▸ Aim of the task: Word for word, copy all the data and drop the pictures.

▸ Given data:
------

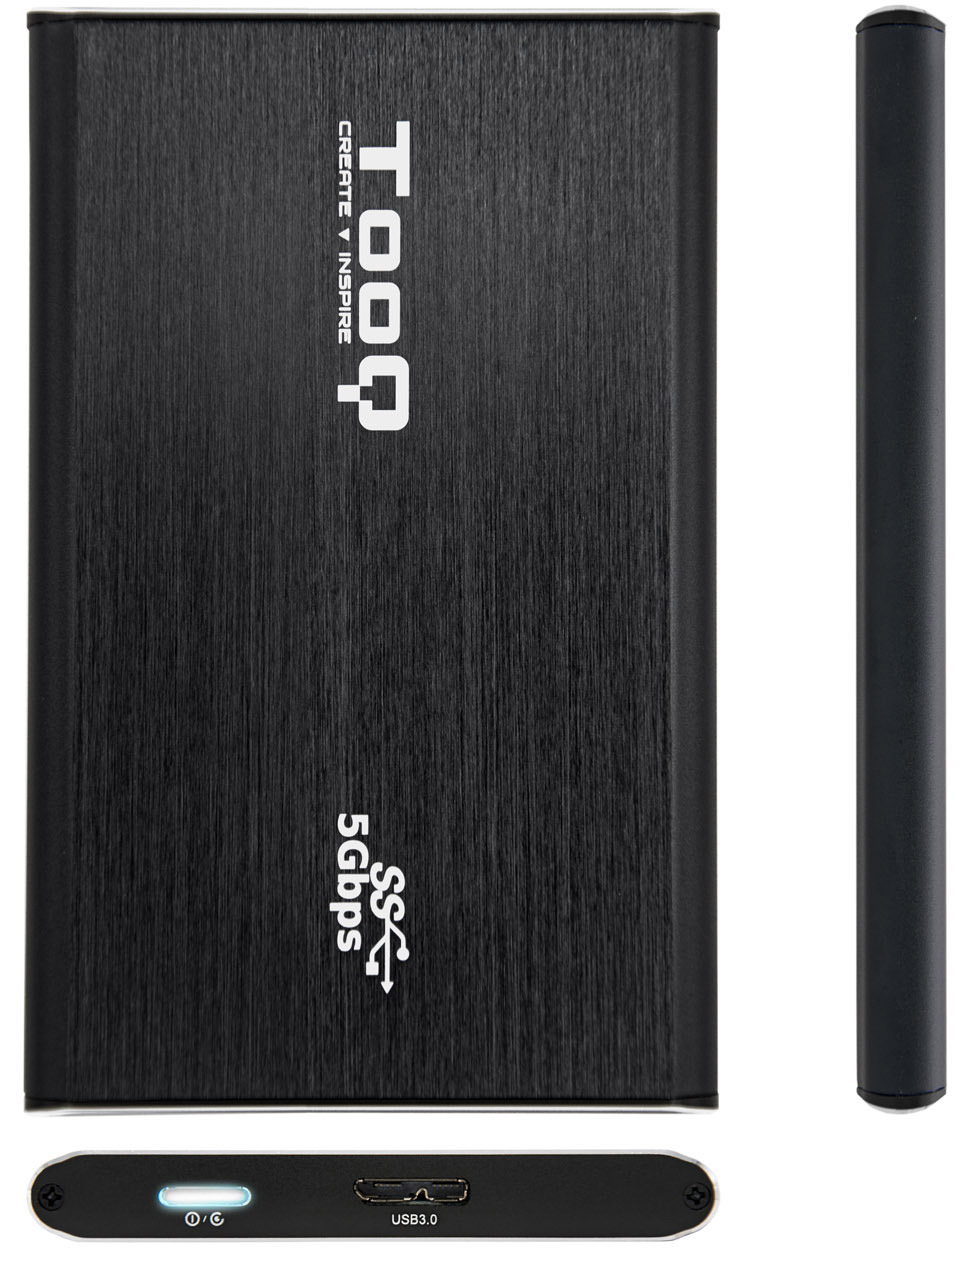 Tooq - Caixa HDD Tooq 2.5" SATA (7mm) USB 3.0 UASP
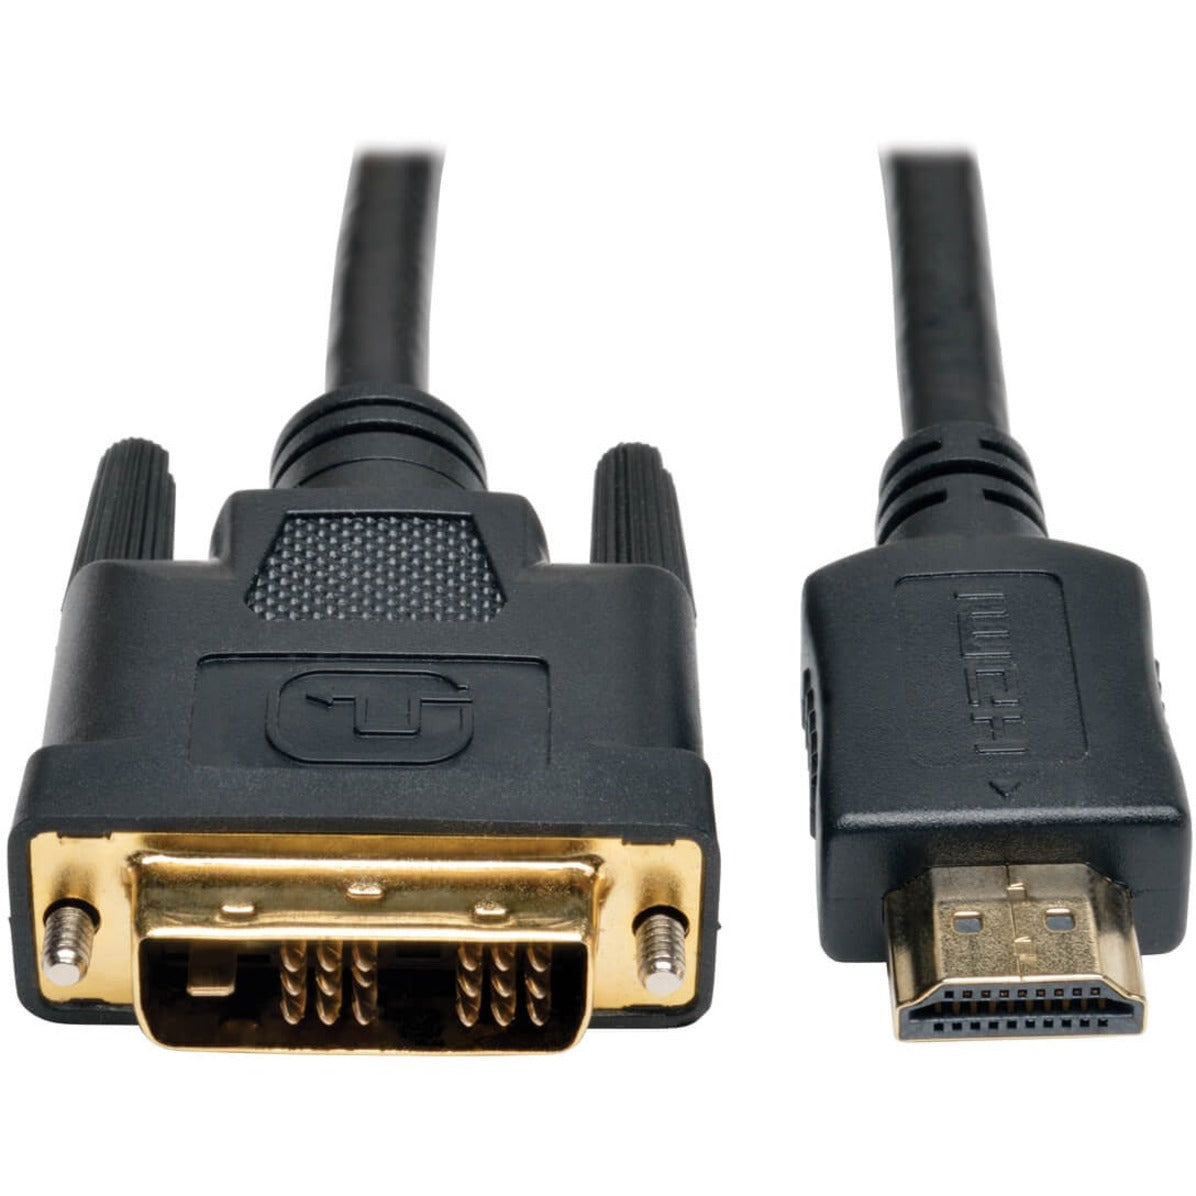 Tripp Lite P566-020 HDMI zu DVI Kabel 20-ft EMI/RF Schutz vergoldete Stecker
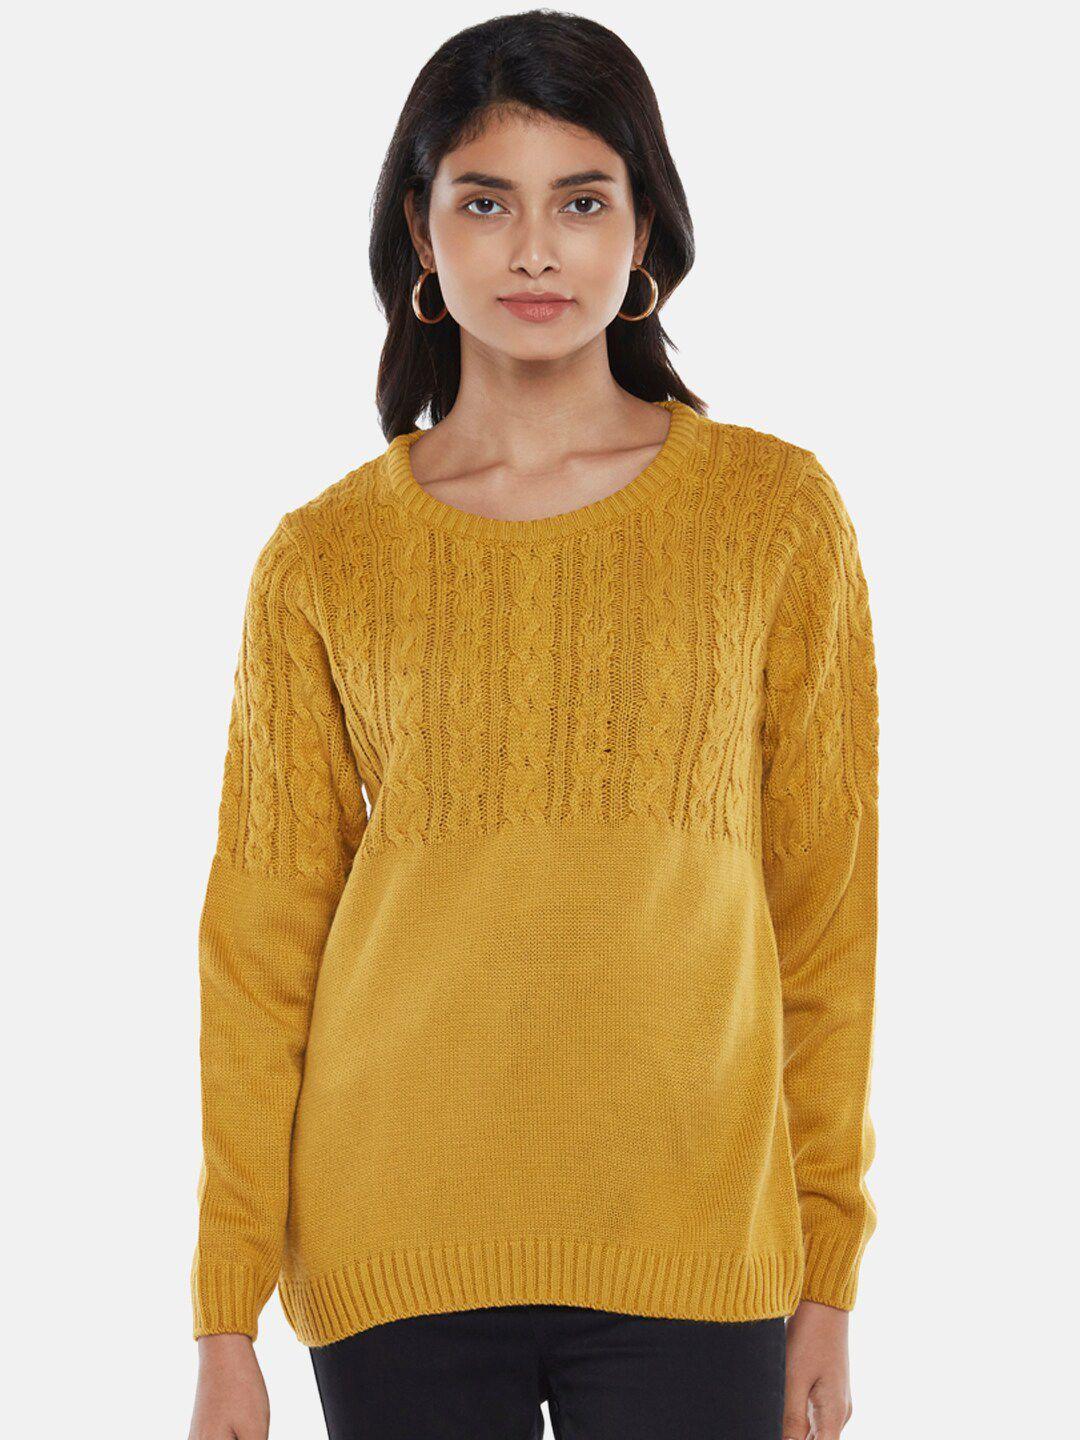 honey by pantaloons women mustard pullover

------

▸ Your response:
 Tooq - Caixa HDD Tooq 2.5" SATA (7mm) USB 3.0 UASP
 Tripp Lite P566-020 HDMI zu DVI Kabel 20-ft EMI/RF Schutz vergoldete Stecker
 honey by pantaloons women mustard pullover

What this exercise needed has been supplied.